The company’s shares rose 5 percent as investors welcomed a further shift away the money-losing handset business, in which BlackBerry had gone from being a market leader to trailing far behind rivals like Apple Inc.
In a model for how it plans to keep BlackBerry-branded handsets in the market, the company said it had signed a deal with Indonesia’s BB Merah Putih to manufacture, distribute and promote new devices in that country, its largest handset market.
BlackBerry said it was in late-stage discussions for a similar deal in China and working on several India initiatives.
“What we did was cut off the entire chain, and I’ll take a royalty,” Chen told reporters, noting it could now avoid inventory and supply chain costs. “I‘m still in the handset business, but I‘m in it in a profitable way.”
Chen said less than 100 jobs would be lost from its latest move away from making hardware.
The change would likely weigh on overall revenue for two more quarters before software revenue growth makes up for the decline, he said.
Revenue fell to $334 million in the fiscal second quarter ended Aug. 31 from $490 million in the year-ago period, missing analysts’ estimates of $393.75 million.
“This is an entirely sensible decision and probably an overdue one,” said IDC technology analyst John Jackson. “Software revenue and the margin profile associated with that is where the focus should have been, and now can be.”
BlackBerry said revenue from software and services was $156 million in its second quarter, down from $166 million in the first quarter. The device business accounted for $105 million in revenue.

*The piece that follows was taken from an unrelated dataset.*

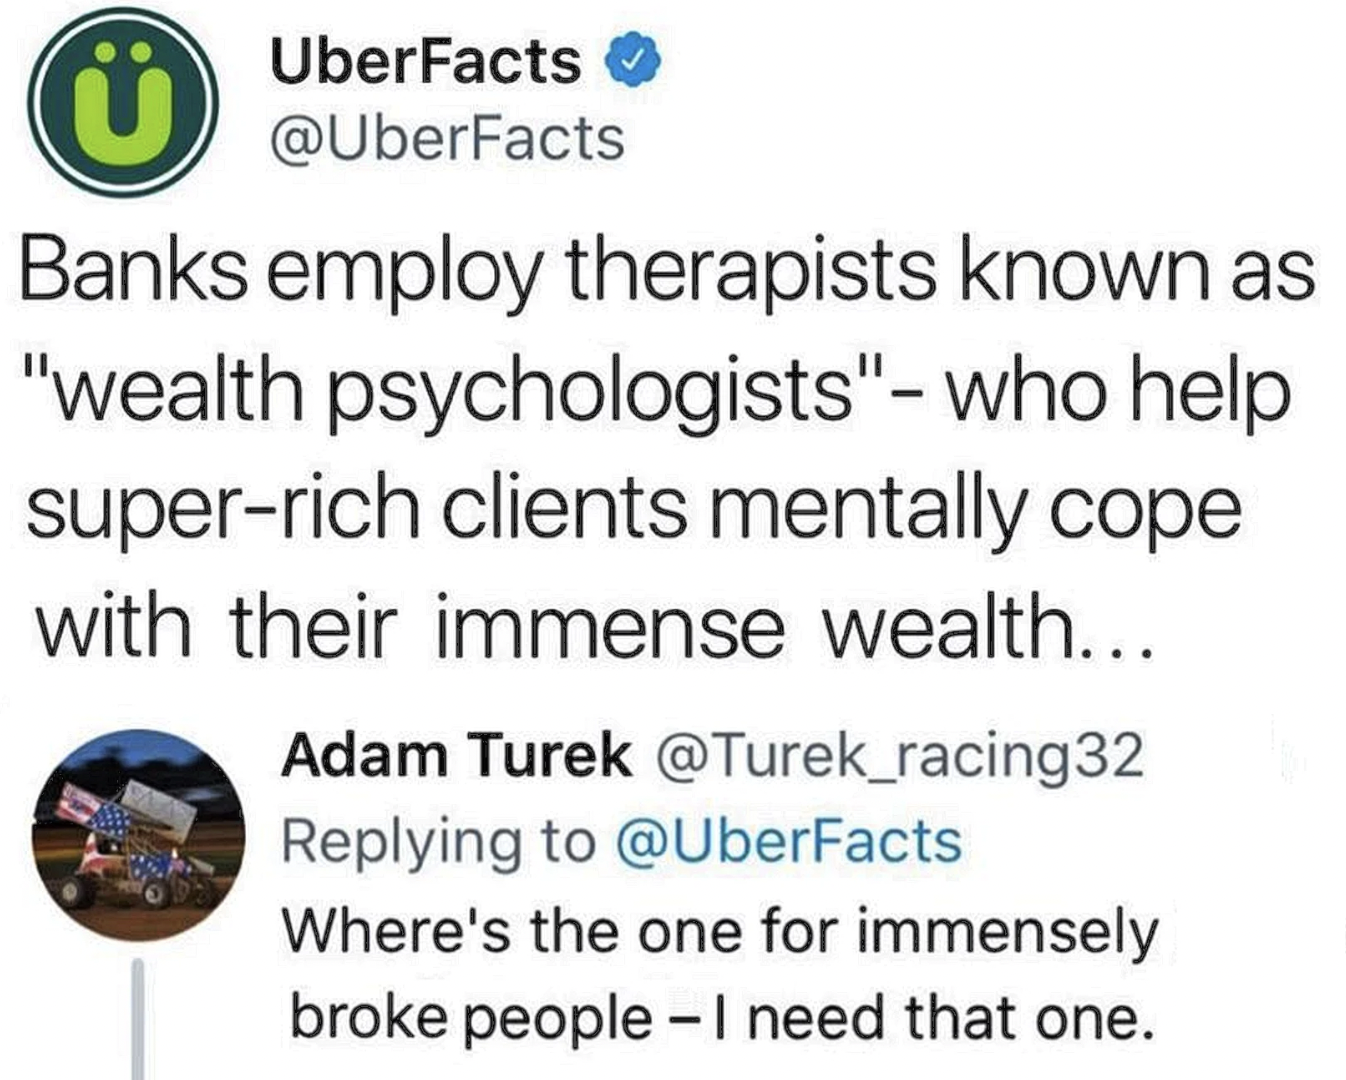 paper - UberFacts Banks employ therapists known as "wealth psychologists" who help superrich clients mentally cope with their immense wealth... Adam Turek Where's the one for immensely broke people I need that one.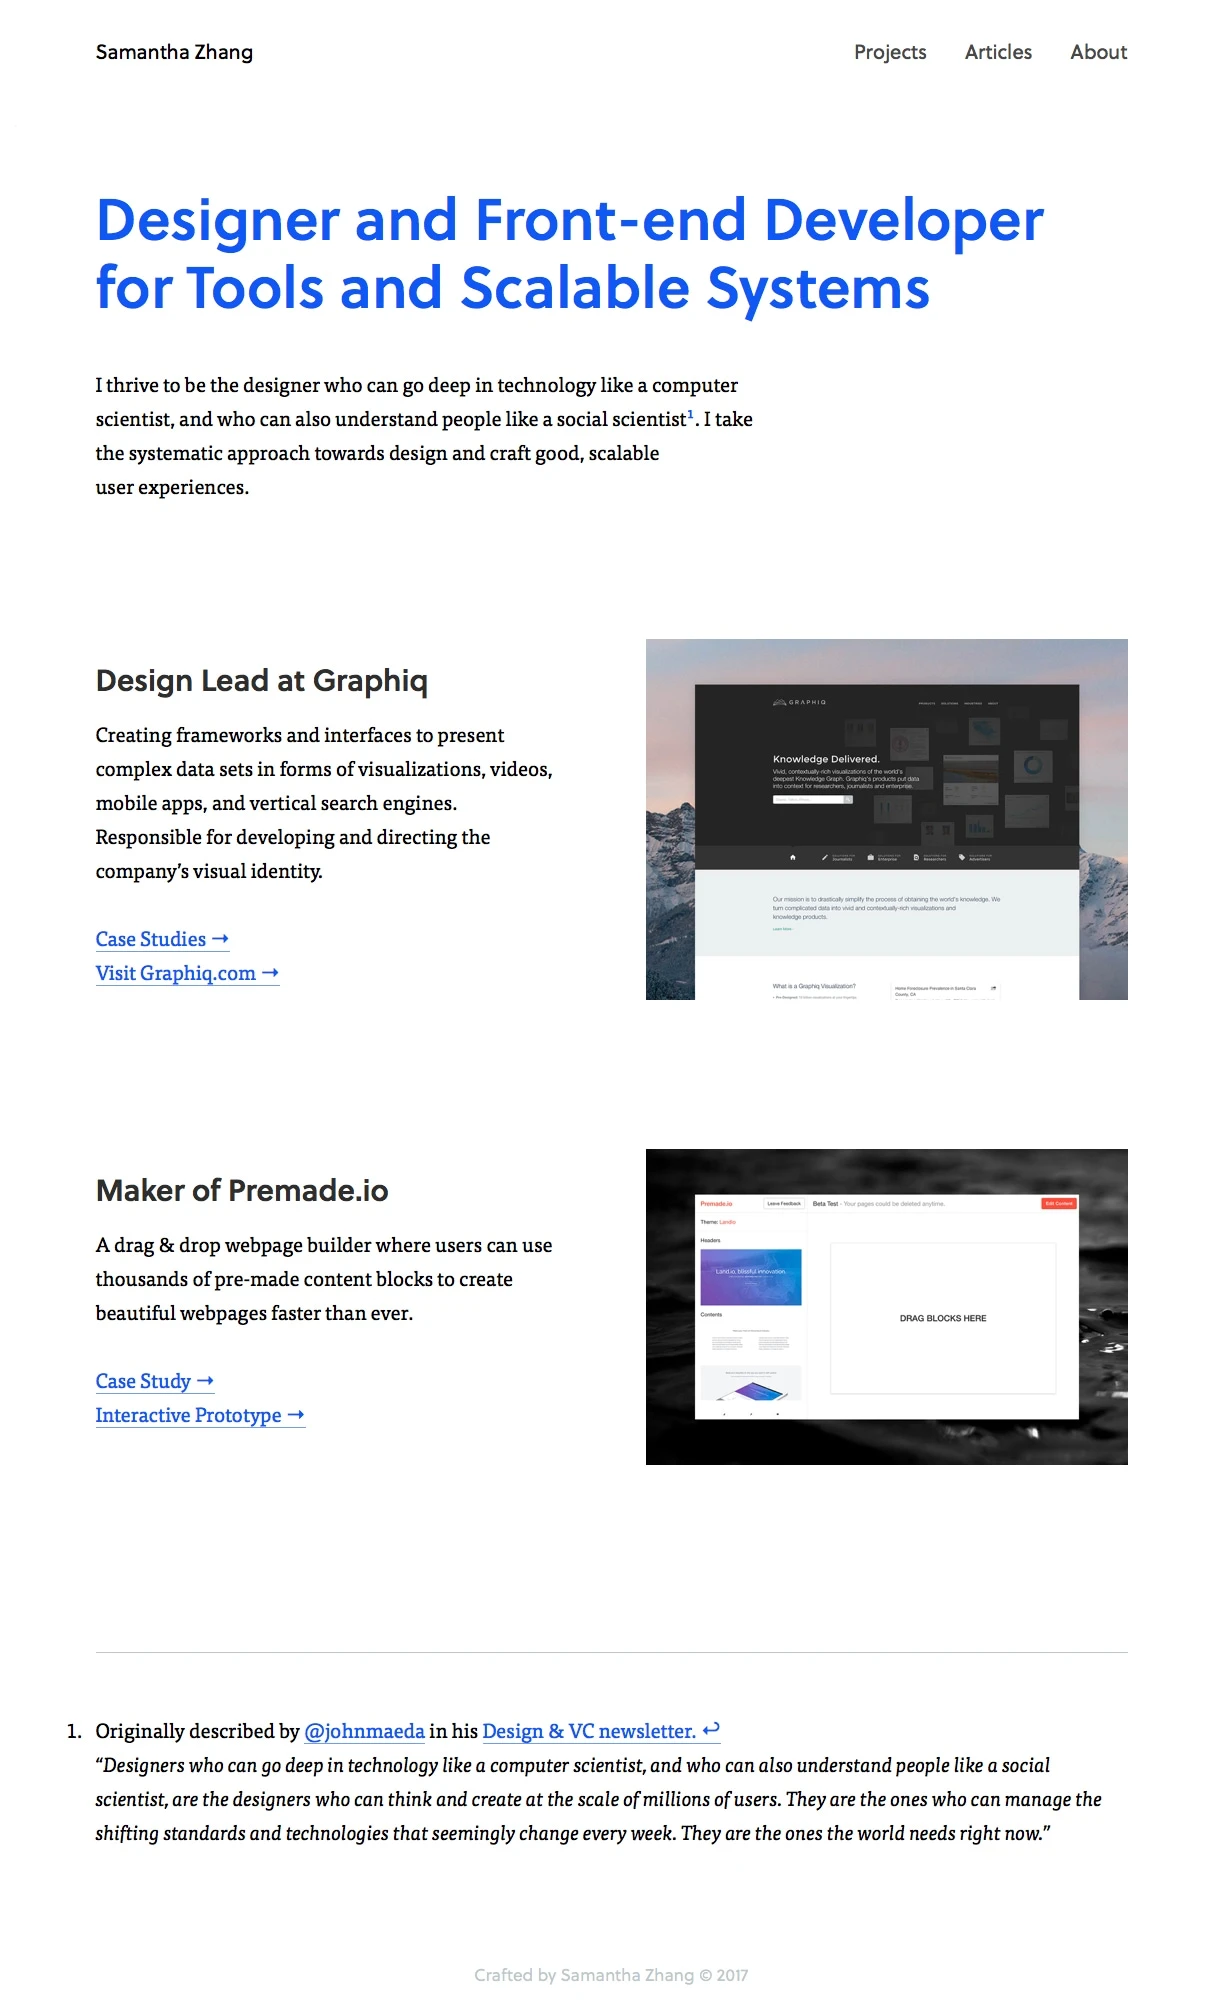 Samantha Zhang Landing Page Example: Designer and Front-end Developer for Tools and Scalable Systems

BlackBerry also said Chief Financial Officer James Yersh would leave as of Oct. 1 for personal reasons, and be replaced by former Sybase executive Steven Capelli.
Excluding large one-time costs, the company said it broke even in its second quarter. On that basis, analysts had on average expected a loss of 5 cents a share, according to Thomson Reuters I/B/E/S.
BlackBerry raised its full-year earnings outlook to a range of breakeven to a loss of 5 cents a share, excluding special items. It had previously expected a loss of 15 cents a share. (Reporting by Alastair Sharp in Waterloo; Additional reporting by Allison Martell in Toronto; Editing by Lisa Von Ahn and Richard Chang)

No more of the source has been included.